Следующую часть пути мы спускались с холма. Дорога пошла легче.
Иногда я задавал Митьке вопросы, которые возникали у меня в процессе похода. Или те, что вспоминал об их отшельническом быте, вере, обычаях. Или вопросы, возникающие во время движения. Во-первых, разговоры делали дорогу короче, интереснее — пробираться через эти джунгли было, мягко скажем, утомительно. Во-вторых, Митькины ответы возмещали серьезные пробелы моих познаний об этом мире.
И вот, что я узнал. Отшельники ведут довольно разнообразное хозяйство.

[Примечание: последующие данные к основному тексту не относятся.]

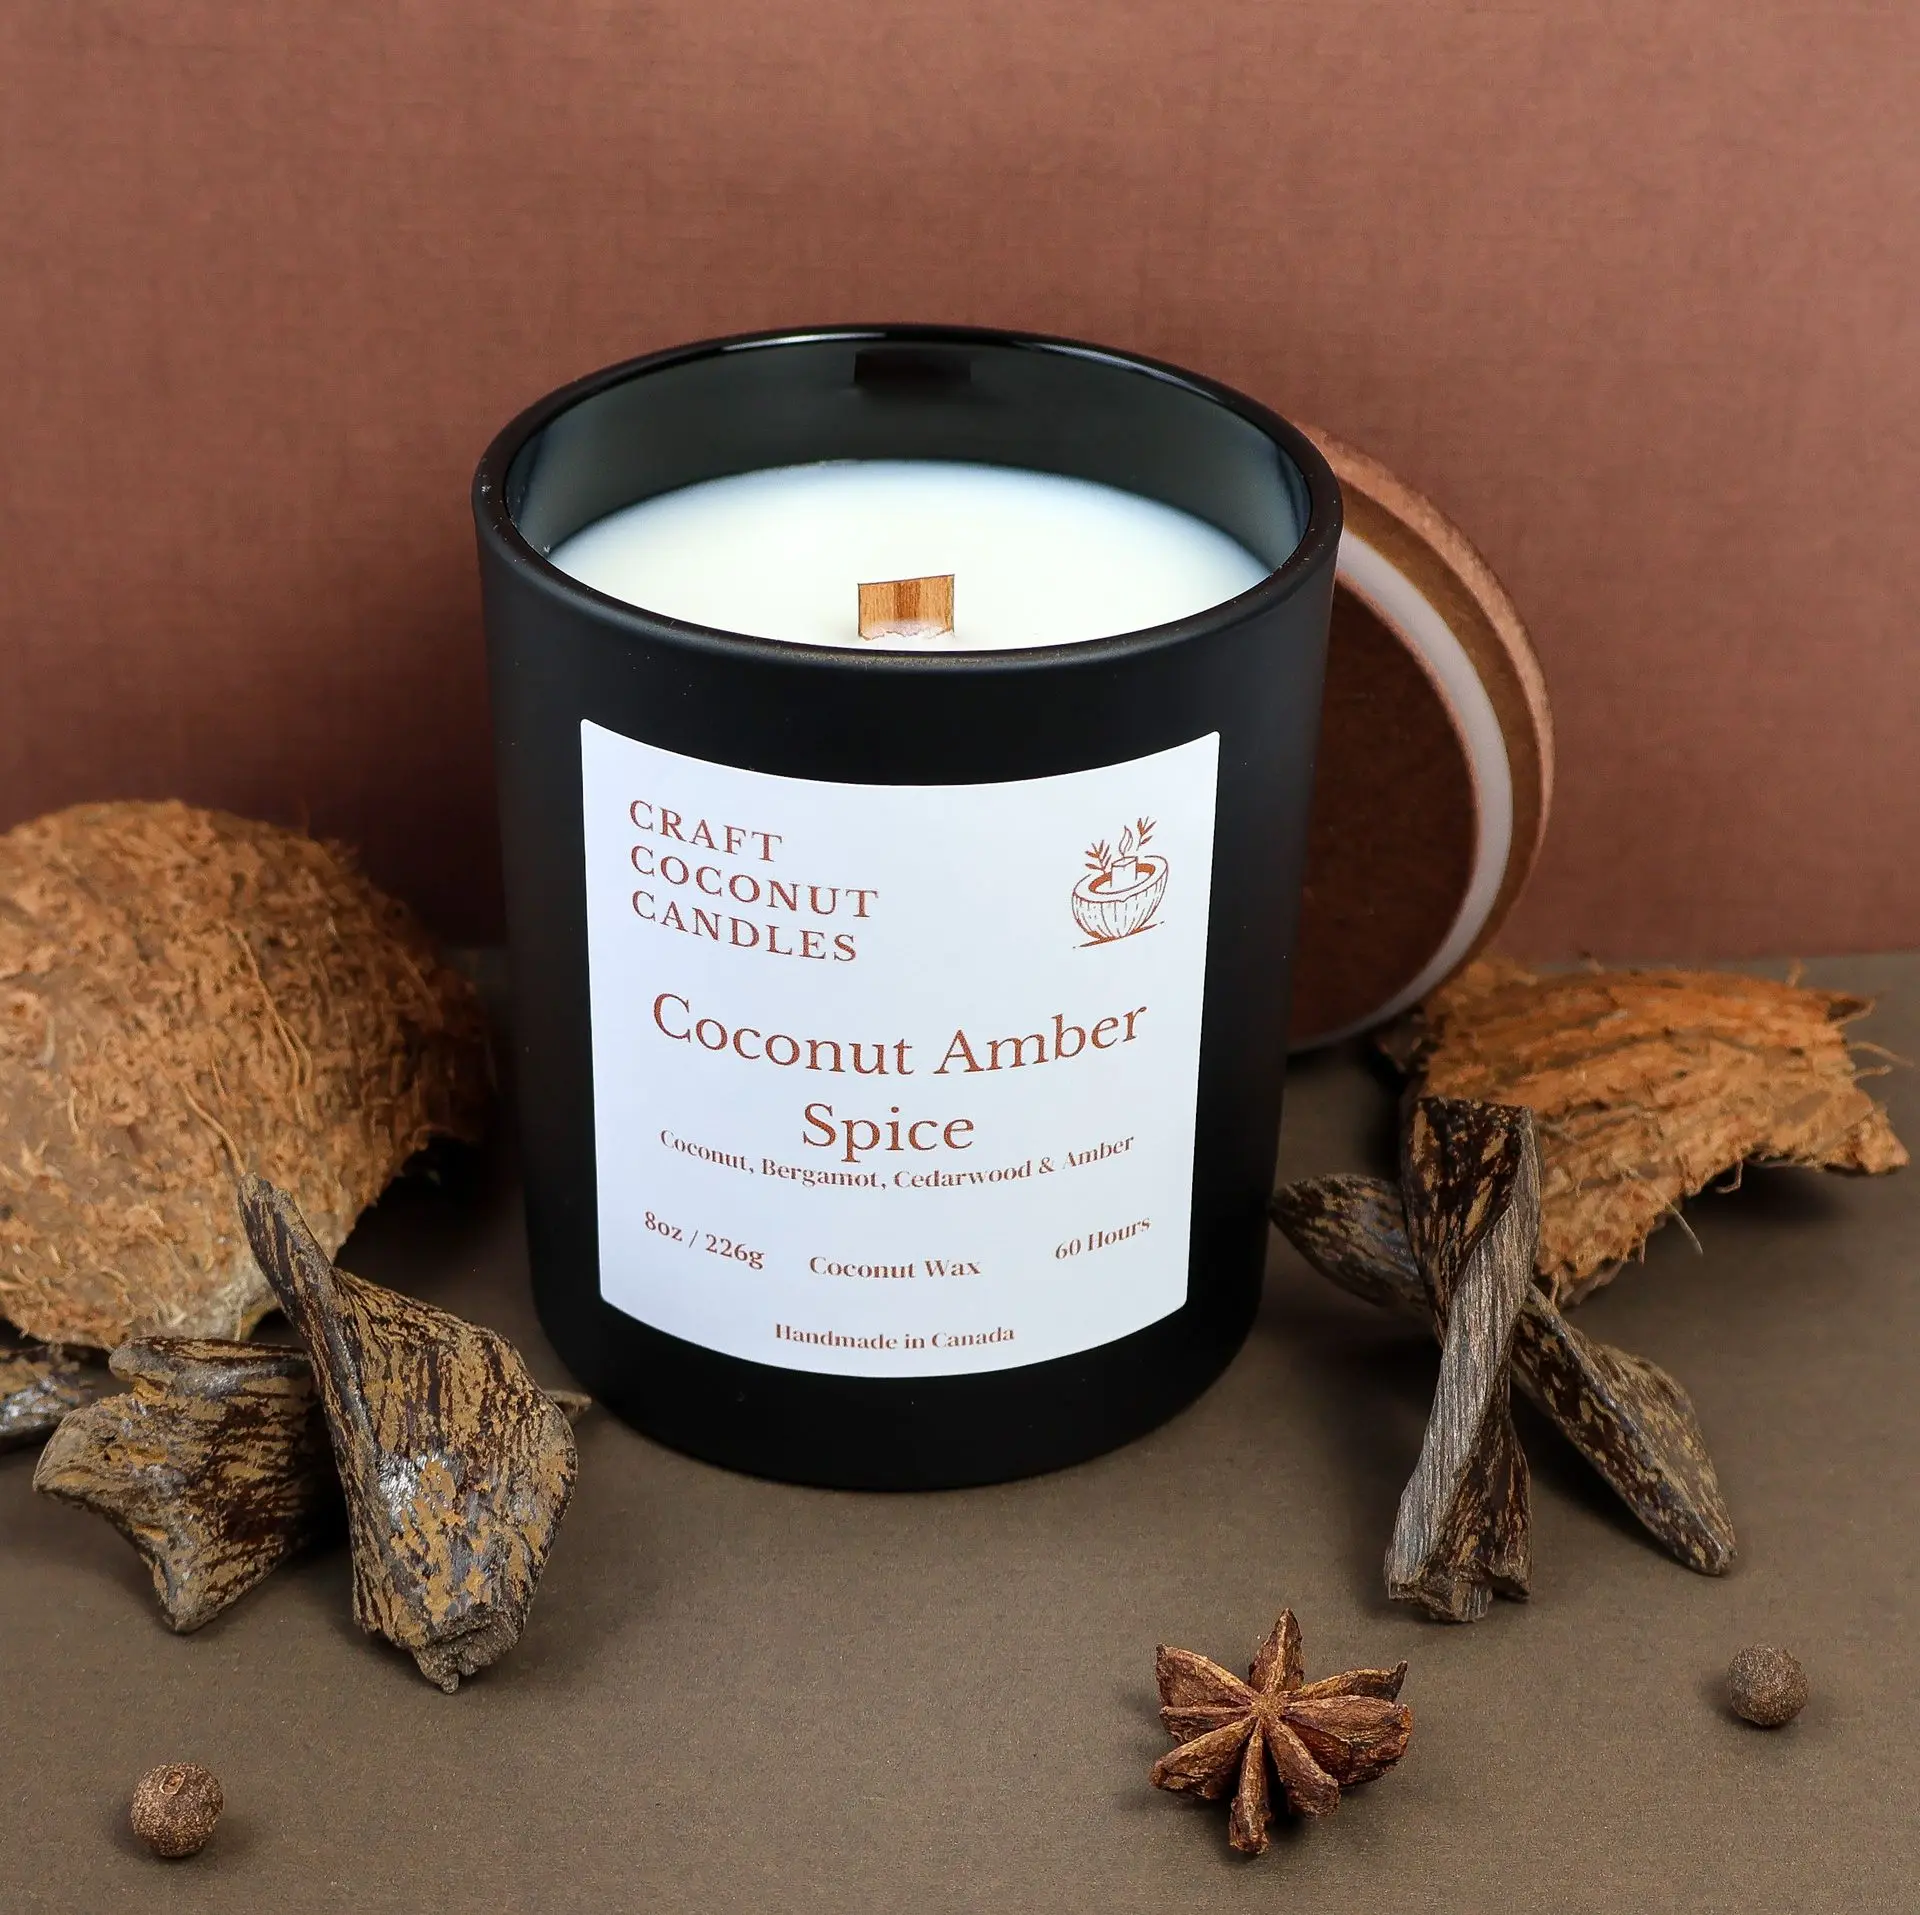 coconut amber spice scented candle

У них в пределах огороженной территории есть, кроме поля, что я видел, еще и огороды с разными корнеплодами — картошкой, морковью, свеклой и прочим, а так же разные ягоды, горох. Кроме этого, есть теплицы, где они выращивают помидоры, огурцы, кабачки и другие теплолюбивые культуры. Свинарник, коровник и птичник тоже имеется. На мой вопрос, как все это умещается в одном гектаре площади и кормит весь год население общины, с учетом того, что половина этой площади занимают жилые строения, прозвучал удивительный для меня и, совершенно естественный для этого мира ответ.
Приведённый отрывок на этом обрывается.